“Full length, midi, or mini”: a fashion statement for transplants in myeloma

High-dose therapy (HDT) with autologous hematopoietic stem cell transplantation (AHSCT) is the standard of care for patients with newly diagnosed multiple myeloma.¹  This results in an event-free survival and overall survival (OS) of approximately 30 and 60 months, respectively. Unfortunately, there is no plateau in survival curves. It is highly controversial whether the outcomes of single HDT with planned tandem AHSCT improves survival.²  The final analysis of the Intergroupe Francais Du Myélome 94 (IFM94) trial is the only one of 5 randomized trials (none yet published) to show a survival benefit (although one could argue that the other trials do not have long enough follow-up). Even with tandem AHSCT, plateaus in survival curves are not observed.

The etiology of disease relapse has been hypothesized as due to (1) infusion of contaminating tumor cells in the autograft, and/or (2) inability to eradicate minimal residual disease. Allogeneic transplantation (AlloTx) may overcome both of these obstacles by infusing tumor-free grafts and eradication of minimal residual disease through a graft-versus-myeloma (GVM) effect. There are indications that a plateau may be present following AlloTx. In patients who relapse following AlloTx, a GVM effect has been demonstrated by donor lymphocyte infusions.

Conventional (“full length”) AlloTx's have excessively high mortality rates: the transplant-related mortality (TRM) has ranged from 20% to 57% within the first year. Thus, in the setting of 5-year median survivals with AHSCT, conventional AlloTx's have been terminated by the “fashion police” as too toxic. Is there a “kinder and gentler” approach for patients with myeloma that may lead to a cure? Trials using reduced dose–intensity regimens have been explored in myeloma. The initial trials included intermediate dose (“midi”) regimens (melphalan 100 mg/m² [Badros et al³ ]; melphalan 180 mg/m², and fludarabine 125 mg/m² [Giralt et al⁴ ]) in predominantly heavily pretreated patients with chemoresistant disease. Although high response rates were observed, the majority were not durable and the TRM was only modestly less than conventional AlloTx (one-year TRM, 33% and 40%, respectively).

Maloney and colleagues (page 3447) have combined the 2 transplantation modalities: AHSCT (melphalan 200 mg/m²) to affect maximal tumor cytoreduction followed by a nonmyeloablative (“mini”) AlloTx using only 2 Gy total body irradiation to allow donor alloreactive T lymphocytes to eradicate minimal residual disease via a GVM mechanism. They observed a 52% complete remission (CR) rate, far higher than that observed with either AHSCT (even tandem) or conventional AlloTx. At a median follow-up of 18 months, only 3 of 31 patients with CR have relapsed. The projected 2-year progression-free survival (PFS) for all patients was 55%. However, when scrutinizing the data further, it is apparent that patients with chemosensitive disease before transplantation had superior PFS and OS compared with chemoresistant patients. In addition, although the overall TRM at one year was 17%, TRM was significantly lower in the chemosensitive versus chemoresistant group (2 [7%] of 28 vs 7 [27%] of 26, respectively). These data imply that only patients with chemotherapy-sensitive disease should be considered for this regimen.
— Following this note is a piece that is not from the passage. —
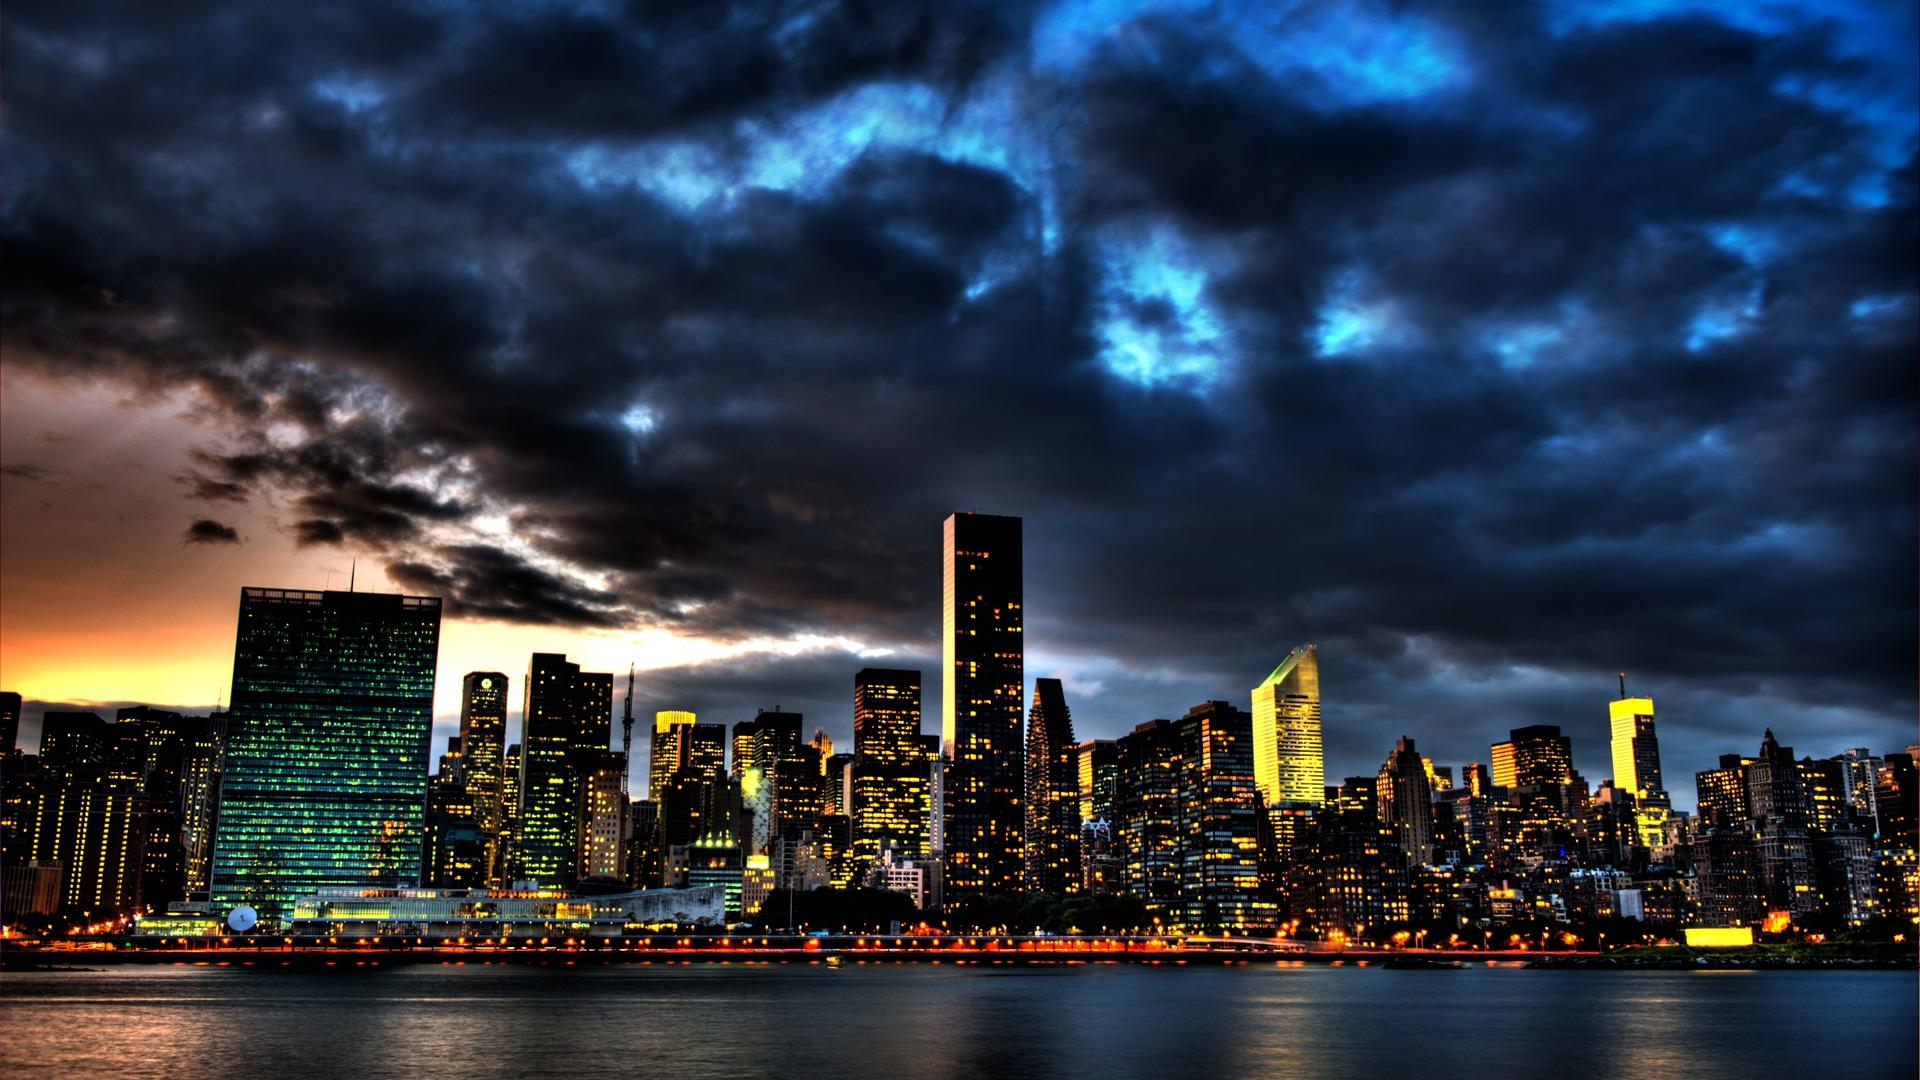 New York City Skyline 1080p Wallpaper City HD Wallpapers Wide Screen 1920x1080

I anticipate that future trials will further identify those individuals (early treatment, chemosensitive; perhaps chromosome 13 abnormalities) who may benefit from this approach. Only time will tell if the current “fashion statement” using a combined autologous/mini AlloTx will result in improved survival and, dare I state, be curative! This concept will be further evaluated in the Blood and Marrow Transplant Clinical Trials Network (BMT CTN) trial comparing tandem AHSCT with autologous/mini AlloTx.